2. ARDS
The acute respiratory distress syndrome, also called acute lung injury,
which is a common cause of respiratory failure in critically ill
patients, is defined by the onset of noncardiogenic pulmonary oedema,
hypoxemia and need for mechanical ventilation up to 1967(Ashbaugh,
Bigelow, Petty & Levine, 1967). Over the last decades, the definition
of ARDS becomes mature and forms the Berlin definition (Box 1) in
2012(Ranieri et al., 2012). Considering the ‘sophisticated’ measurements
are not available in most developing areas, Riviello, E. D. et al. made
up supplement to the Berlin definition, deleted the PEEP requirement and
replaced the “PaO2/FiO2 <300
mmHg” to “SpO2/FiO2<315”(Riviello et al., 2016).
The normal lung is a space of carbon dioxide excretion and oxygen
intake. This gas transfer function depends on the alveoli structure. The
alveolar type I cells cover most of the alveoli have a function of gas
transition. Between the alveolar type I cells is the alveolar type II
cells which can exclude surfactant, the vital factor of reducing surface
tension or enabling the alveoli to remain open and facilitating gas
exchange. The alveolar type I and II cells form a tight
barrier(Bhattacharya & Matthay, 2013). The alveolar type I and II cells
have the capacity to absorb surplus fluid from the air space of alveoli
by apical sodium channels and basolateral
Na+/K+-ATPase pumps(Matthay, 2014).
In normal alveoli, there are macrophages, and they defense for the
security of alveoli, which keep the normal function of alveoli.

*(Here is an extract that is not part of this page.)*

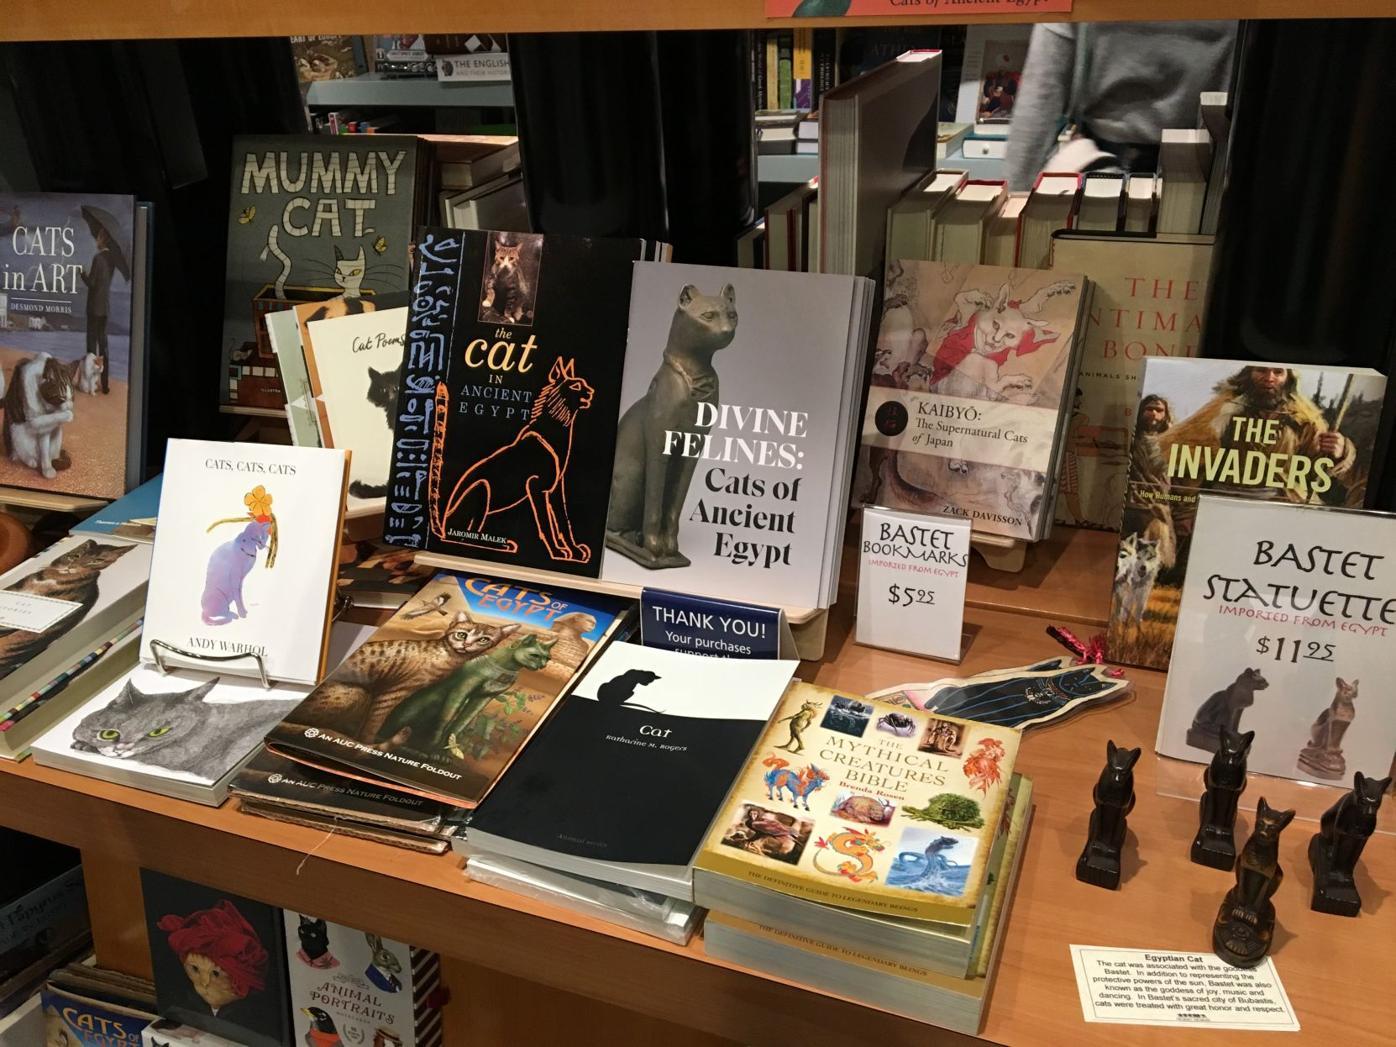 Carlos Museum bookshop display 01

Nevertheless, the alveolar type I and II cells are damaged in the ARDS,
and there is much pulmonary dead space, leading to elevating of minute
ventilation(Nuckton et al., 2002; Raurich et al., 2010). The mechanism
of ARDS is complicated. Hallmarks of ARDS which has been widely accepted
include the pulmonary epithelial cells injury (inflammatory injury and
disruption of tight junctions), endothelial disruption and
epithelial-endothelial barrier disfunction(Bachofen & Weibel, 1982). On
the one hand, the bacterial or viral infection calls direct damage to
pulmonary epithelial cells. On the other hand, in the indirect injury of
pulmonary epithelial cells, the normal function of pulmonary capillary
endothelial permanents is disturbed: the injured epithelial cells
recruit neutrophils, macrophages from pulmonary parenchyma into the
alveolar cavity, then the leukocytes release mass inflammatory mediators
like ILs (IL-6, IL-1β), TNF, and angiopoietin. And they activate the
endothelial cells, then permit platelets, erythrocytes and monocytes
translate from capillary to alveolar cavity. The platelets and monocytes
secrete protease, ROS, NETs. (Matthay, Ware & Zimmerman, 2012), which
damage the alveolar epithelial cells once again. With the
alveolar-capillary permeability increasing, the red blood cell
accumulates to the alveolar and releasing hemoglobin that injured the
VE-cadherin between the pulmonary endothelial(Bhattacharya & Matthay,
2013). All the above factors increased permeability to liquid and
protein across the lung endothelium. Finally, the alveolar oedema became
serious, and the function of alveoli, gas exchange, is destroyed.
There are many factors (pneumonia, toxic inhalation, pancreatitis,
aspiration, trauma, sepsis, shock, alcohol, tobacco, high risk surgery,
preexisting lung disease, radiation, chemotherapy, etc.)(Yadav, Thompson
& Gajic, 2017) for the development of ARDS. After being exposed to one
or more risk factors and failed to prevent the progress of ARDS in the
very beginning, patients must rely on the ventilator to fulfill their
need of oxygen. Even worse, that measures may give a second hit to the
injured lung of patients(Wang et al., 2019). Eventually, it harms the
brain, heart and has a lifelong term effect on the patients’ life or
even cause death.
It has passed nearly sixty years since the ARDS was first clearly
defined. These years have witnessed the significant progress in the
mechanism and pathophysiology of the ARDS. Lung-protective mechanical
ventilation, fluid-restrictive resuscitation strategies, prone
positioning, and the promotion of ventilator synchrony through the
appropriate use of sedation and paralytic agents have all improved
outcomes in ARDS, primarily by preventing further iatrogenic lung injury
to an already injured lung(Yadav, Thompson & Gajic, 2017). Despite the
management of some patients, the mortality of ARDS remains high.
Besides, it failed to unfold any effective pharmacotherapy of ARDS. As
the vital role of JAK/STAT in inflammation disease and the outcome of
JAK inhibitors in treating the COVID pneumonia recently, JAK/STAT
signaling becomes potential target to cure ARDS, and thereby it requires
further validation of more clinical and preclinical studies.